Selon l’Institut de Micro-Electronique et Composants (IMEC), un institut de recherche inter-universitaire basé à Leuven, les Flamand·es possèdent aujourd’hui trois à quatre appareils connectés1. Le smartphone est le plus utilisé et son utilisation a connu une croissance importante depuis la pandémie liée au Covid-19, passant depuis le mois d’avril 2020 d’un usage d’un peu plus de deux heures et demie à quatre heures par jour. Un emploi plus intensif, qui n’a que peu faibli depuis lors.
« Près de la rivière la plus sombre, sous les arbres sans feuilles. Je crois que je me noie, ce rêve me tue. Réveillez-vous, réveillez-vous, réveillez-vous. » Ces quelques paroles sont tirées de « Momento Mori », titre d’ouverture du huitième album des Américains de Lamb of God. Les astres s’alignent : ce single sort le 17 mars 2020. Le lendemain, à midi, la Belgique connait alors son premier confinement. Les conférences de presse, les comités de concertation, l’égrènement du nombre de contaminations, d’hospitalisations et de décès ponctuent désormais le quotidien de la population.
« Momento Mori » est le fruit des réflexions de Randy Blythe, vocaliste de Lamb of God, à propos de l’utilisation massive des écrans et des dégâts occasionnés par une consultation devenue compulsive des actualités. Un bombardement continu de chiffres, de faits et d’analyses – bien souvent pessimistes – qui finissent par nous plomber le moral, à moins de réussir à prendre un peu de distance. Le musicien n’est pas là pour prêcher la bonne parole. Il avoue lui-même avoir un « news junkie » au début de la pandémie : « J’ai fini par installer une application de verrouillage, appelée “Freedom”». Elle me permet de consulter les réseaux sociaux, les nouvelles, YouTube ou d’autres sites dans le même genre, pendant seulement 30 minutes. C’est important de rester informé, et encore plus particulièrement aujourd’hui, mais il ne faut pas se faire engloutir par les infos. On doit bien se rendre compte que la réalité, ce n’est pas ce que ces petits écrans nous montrent. »2
Depuis 2020, les médias saturent en effet d’informations à propos de la pandémie. Personne ne s’attendait à vivre cela, tout le monde a été pris de court. Beaucoup sont tombé·es malades, légèrement ou de façon plus grave.

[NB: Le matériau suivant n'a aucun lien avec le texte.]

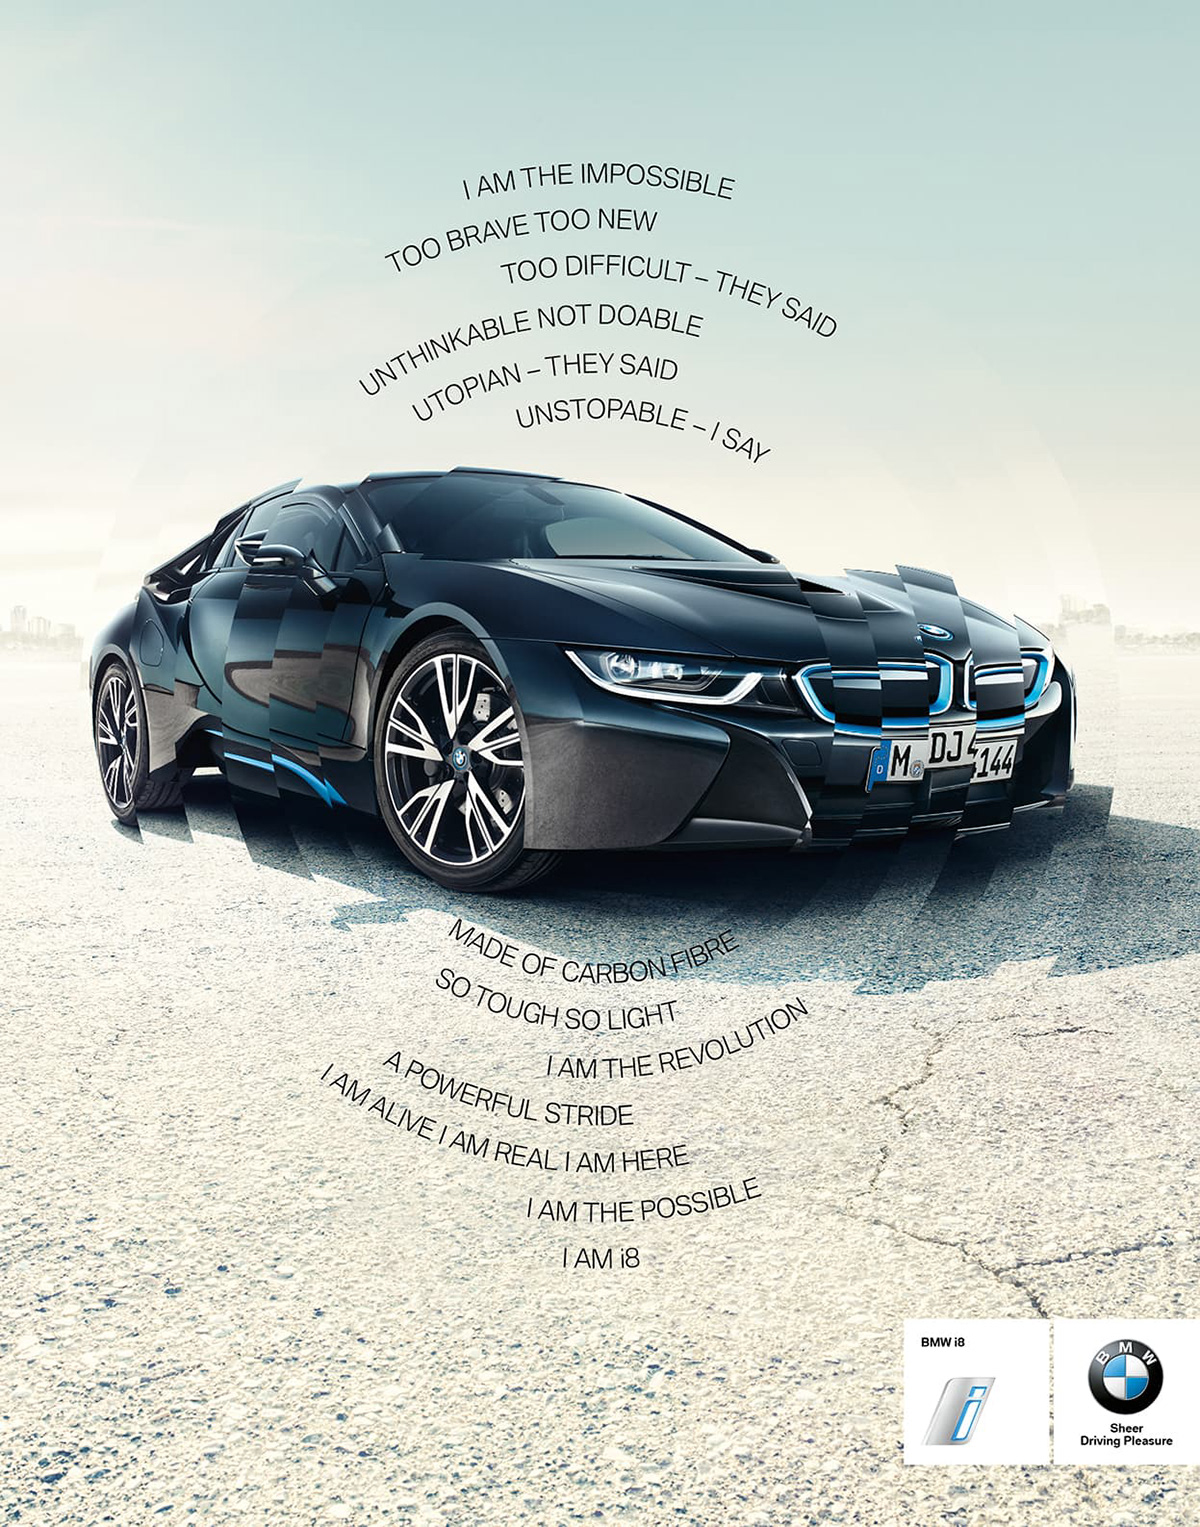 BMW campaign gusnavsant I8 selviceplan

Certain·es ont même perdu la vie. Une surmédiatisation d’informations potentiellement anxiogènes, démultipliée par une consommation plus accrue des écrans, tout cela ne pouvait qu’amener à un des constats relevé dernièrement par le baromètre confiance et bien-être de Solidaris : trois personnes sur dix en Belgique peuvent être classées en dépression modérée à sévère3.
« Une dépression alimentée par la surcharge, De fausses perceptions, le poids du monde, Parce qu’il y a trop de choix, Je dois tuer leurs voix incessantes » éructe Randy Blythe en fin de morceau, au rythme des blasts et des lourds rifs de guitare. Trop de choix, une multitude de choix, une perte de repères et de balises, la prise de distance s’amenuise au fil du temps. Une information en vaut une autre, toutes les paroles s’équivalent. Les gages de valeur d’hier sont reniés, le voisin de palier peut du jour au lendemain se proclamer expert et bénéficier d’un important capital confiance. Cette même confiance, c’est celle qui a pris un virage à 180 degrés et qui tente désormais de dévoyer bon nombre de repères. La nage se fait à vue et en eaux troubles.
Alors qu’en mars 2020, les États-Unis ne savaient pas qu’ils allaient perdre des centaines de milliers de vies, Randy Blythe déclarait : « Moi aussi j’aimerais bien retourner surfer, plus que tout. Mais toutes les plages sont fermées. Et je n’ai pas besoin de me faufiler sur la plage, de me cacher et d’éventuellement être exposé à ce virus. Ou si je le porte en moi, sans le savoir, de contaminer quelqu’un d’autre… Il est temps d’être vraiment proactif et de prendre cette chose au sérieux. Je n’ai qu’un seul conseil : garder un mental positif et écouter les Bad Brains. Ça ne peut qu’aider ». Un sage conseil.